I’ve been struggling for a couple of days now to coerce JuMP to solve a particular problem. The goal is fairly simple and I’ll describe a simplified version of my real problem here, along with the code:

Given the latitudes, longitudes, and populations of 10 cities, I need to divide the cities into 3 groups in such a way that the geographical distance between all cities in a group is minimized, and I also need the total populations of each of the three groups to be as close as possible.

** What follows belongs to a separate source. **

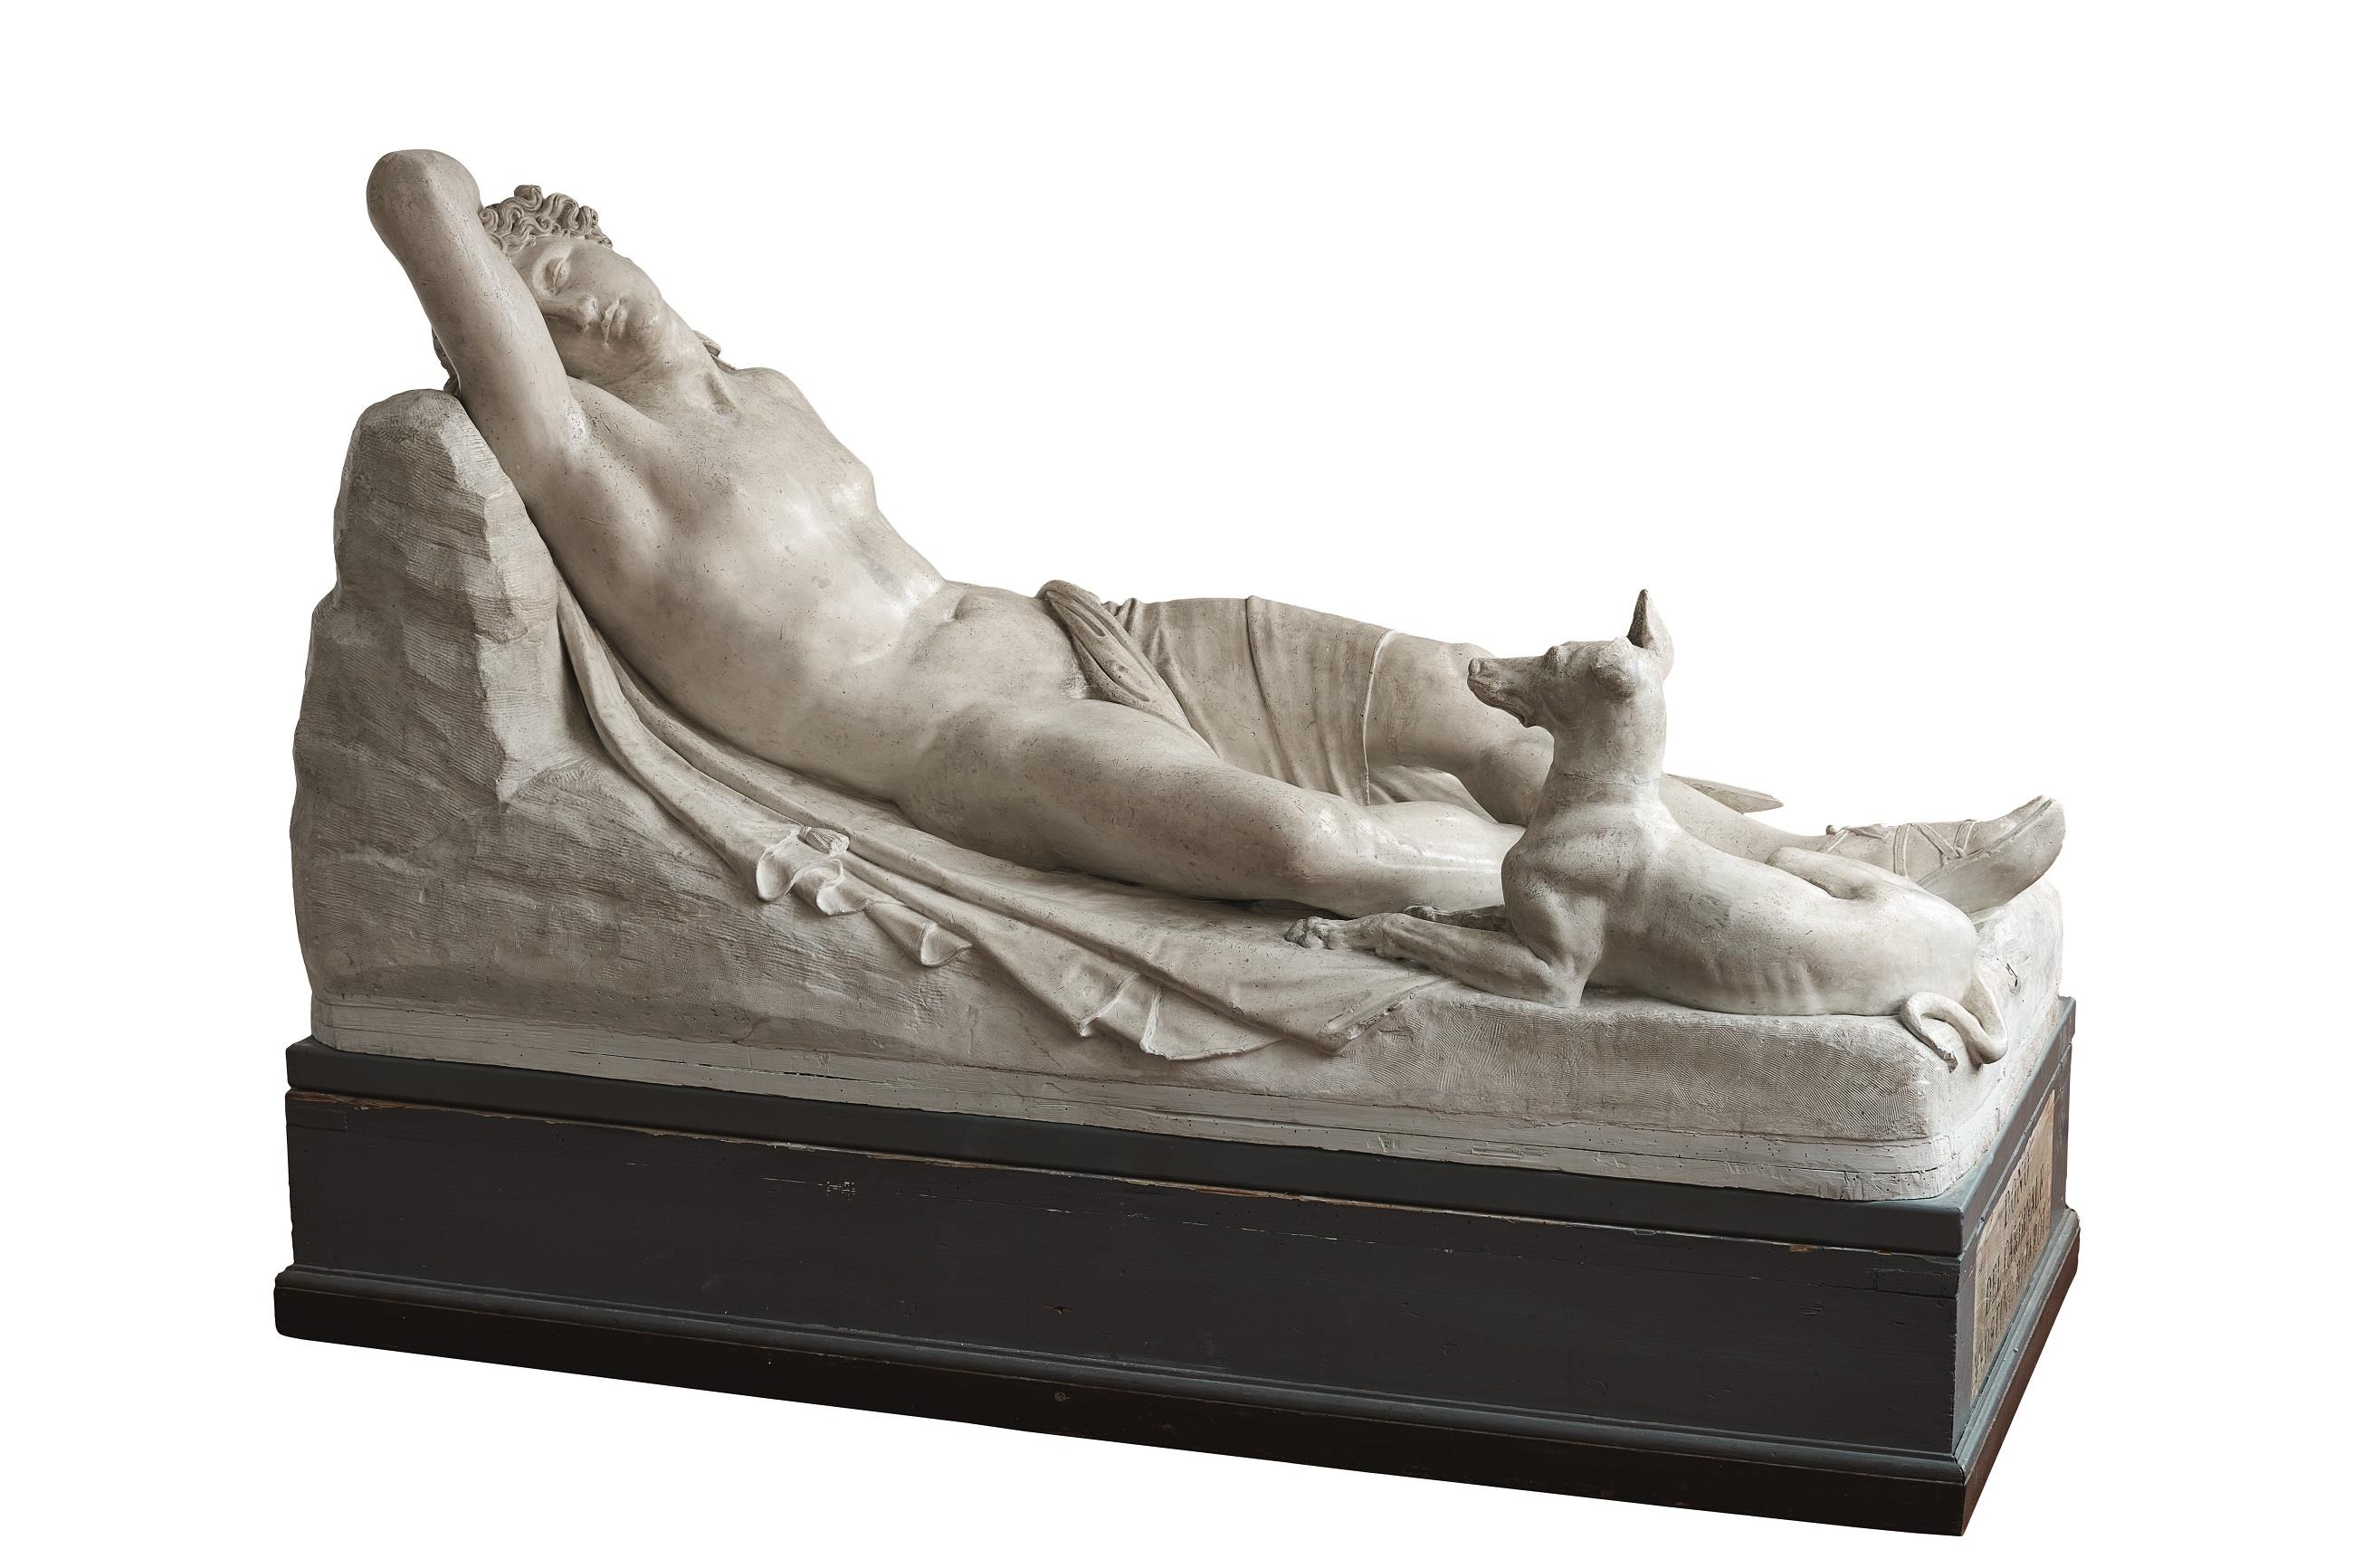 Antonio Canova, Endimione dormiente, 1819-1822, Gesso, 99x190x92 cm., Ravenna, Accademia di Belle Arti

I’ve tried this with GLPK, Ipopt, and Juniper and I can’t get any of them to work so I’m hoping someone with more knowledge/experience than me can tell me which solver is actually capable of handling this problem.

```
using DataFrames
using Distances
using GLPK
using Ipopt
using JuMP
using Juniper
using LinearAlgebra
using Random
using Statistics
# DataFrame with 10 cities including their lat/lon and population
cities = DataFrame(
city=[
"Marysville",
"Perris",
"Cleveland",
"Worcester",
"Columbia",
"Waterbury",
"Eagan",
"Southfield",
"Lafayette",
"Boise"
],
lat=[
48.0517637,
33.7825194,
41.49932,
42.2625932,
34.0007104,
41.5581525,
44.8041322,
42.4733688,
30.2240897,
43.6187102
],
lon=[
-122.1770818,
-117.2286478,
-81.6943605,
-71.8022934,
-81.0348144,
-73.0514965,
-93.1668858,
-83.2218731,
-92.0198427,
-116.2146068
],
pop=[
63269,
72326,
390113,
182544,
133358,
109676,
65453,
73006,
124276,
214237
]
)
num_groups = 3
# Compute the pairwise distances between each city
dm = Distances.pairwise(Haversine(6372.8), Matrix(cities[:, [2,3]])', dims=2)
# Assign random group numbers to start
groups = rand(1:num_groups, size(cities,1))
# Filter the distance matrix by group, compute the norm, then take the sum of each group's norm
ϵ = sum([norm(dm[groups .== i, groups .== i]) for i in 1:num_groups])
# Take the norm of each group's population - total population / num_groups (target pop per group)
σ = norm([sum(cities.pop[groups .== i]) for i in 1:num_groups] .- sum(cities.pop) / num_groups)
```

My approach thus far has been to create decision variables for each of the 10 cities `@variable(model, x[1:10], Int)`

and restrict their value to the integers 1, 2, and 3. The objective function is to minimize `σ + ϵ`

. The only additional constraint I have is that I must indeed end up with 3 groups but I’m not attempting to restrict the minimum number of cities per group at this point in time.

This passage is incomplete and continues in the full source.